Известный всему городу Ромуальд Квецинский не имел никакого дела с музами драмы или комедии. Он также не выступал ни в опере, ни в цирке, ни в «Театре миниатюр», ни даже в балаганах на Куликовом поле, где в пасхальные дни безголосые теноры состязались с ревматическими акробатами. Но ловкость, с какой он проделывал свои манипуляции, заслуживала какого-нибудь титула. Это были манипуляции над законами Российской империи. Грузные, нечеловечески важные, они приобретали в его грациозных руках летучесть жонглерских шаров. Мне стало грустно, ибо давно уже я чувствовал влечение к гуманитарным наукам. Я мечтал об историко-филологическом факультете, в частности об отделении древних литератур. Я любил латынь, культуру августовского века, Сатирикон, Светония. Между тем, переступив порог квартиры Квецинского, я понимал, что переступаю порог медицинского факультета, костлявого, исполненного вони.
Квецинский сам открыл нам дверь: щекотливость его дел не допускала присутствия в доме слуг. Мы увидели маленького изящного господина с лицом усталым и скучающим. Он был в смокинге, белая грудь рубахи топорщилась с важностью, необходимой при его малом росте.

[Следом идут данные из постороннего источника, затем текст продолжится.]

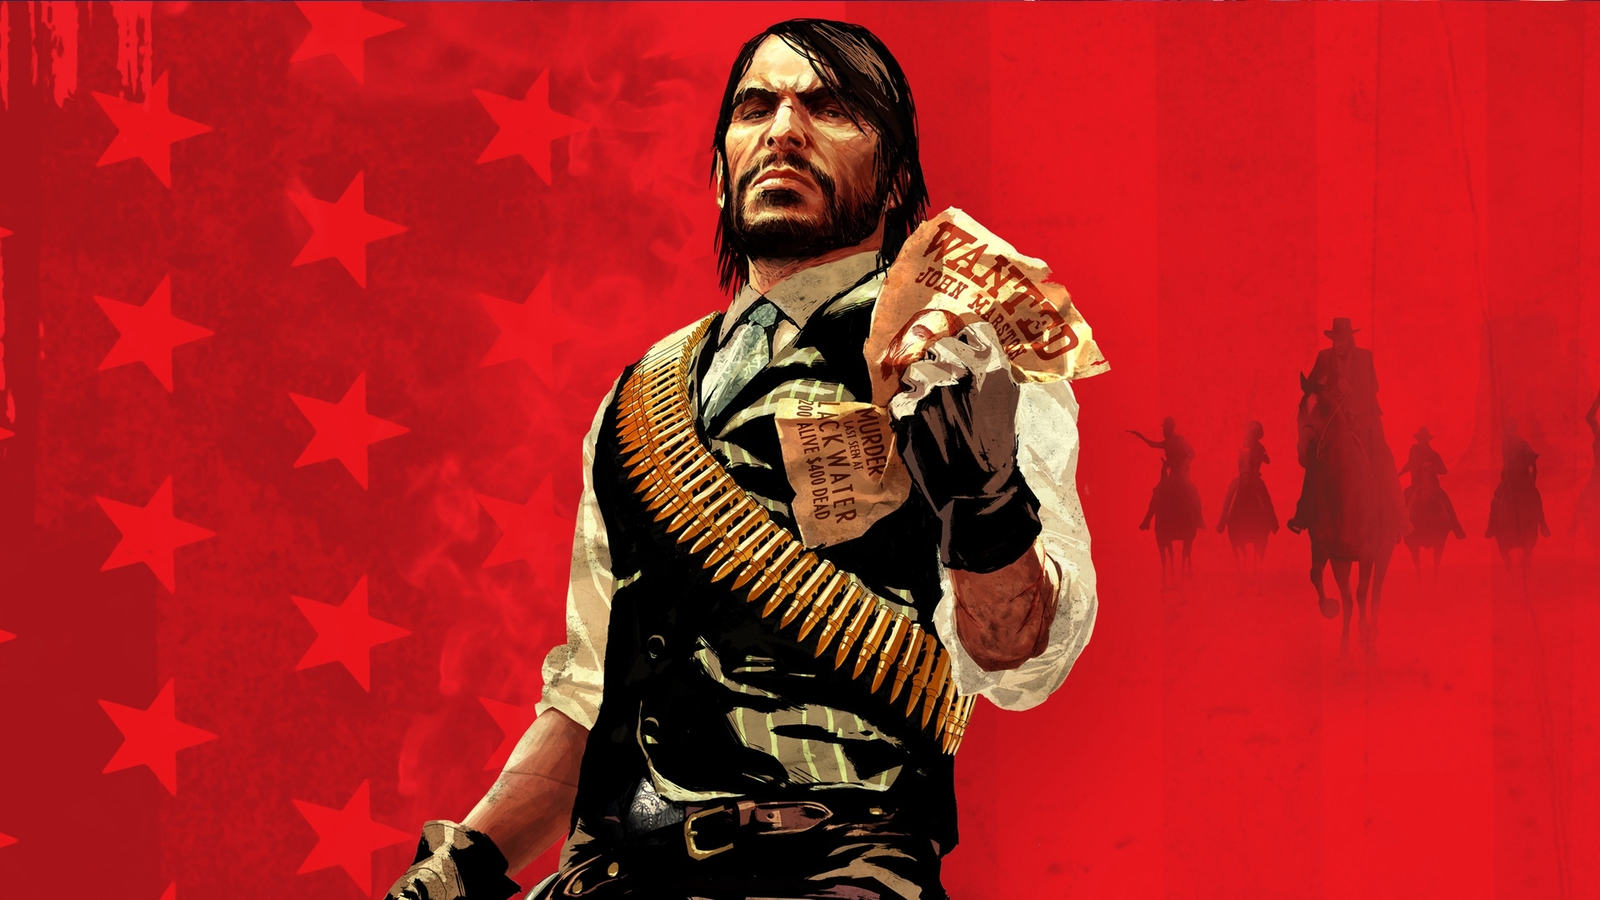 følelse I første omgang Kom op Red Dead Redemption remaster rumours swirl | Eurogamer.net

Очутившись впервые в кабинете знаменитого Квецинского, я с любопытством огляделся. Тогда, в зиму 1916 года, вошли в моду предметы военного обихода. Считалось хорошим тоном иметь пепельницу в виде орудийного стакана, накрывать бумаги осколками снаряда, оправлять карандаши в ружейные гильзы. В кабинете Квецинского эта бутафория войны приобретала необыкновенные размеры. Настоящие патроны, а не только гильзы, отшлифованные, с капсюлями, в разнообразных комбинациях, образовывали чернильный прибор. Предложив нам сигары, он выстрелил в дедушку из маузера, который вдруг оказался бензиновой зажигалкой. Мы стряхивали пепел в ручные гранаты и вешали шляпы на штыки. Всюду валялись орудия смерти, обезвреженные, прирученные. Портрет царя в солдатской фуражке висел на стене среди винтовок – германских, австрийских, японских. За всей этой воинственной обстановкой едва различим был маленький рояль розового дерева. Квецинский был пристрастен к сентиментальным романсам (Мендельсон, Гречанинов) и исполнял их достаточно хорошо, чтобы выступать на благотворительных вечерах в пользу раненых воинов, – разумеется, без всякого гонорара, единственно, из патриотического порыва.
Дедушка опустился на стул, с отвращением поглядывая по сторонам.
– Моему внуку нужно поступить на медицинский факультет, – сказал он коротко.
– Пана Сергея влечет медицина? – грациозно спросил Квецинский, не принимая делового вызова. Он любил длинные изящные беседы, полные деликатных намеков.
Но дедушка не расположен был к любезничанью. Обстановка его ужасала.
– Сколько? – спросил он нетерпеливо.
– Пятьсот, – холодно ответил Квецинский.
– Двести! – резко сказал дедушка. – Я не поставщик сапог. Не спекулянт на сахаре. Не фальшивомонетчик.
Квецинский ничего не ответил и, скучая, стал вертеть в руках безделушку в виде противогаза. Дедушка вздрогнул и согласился.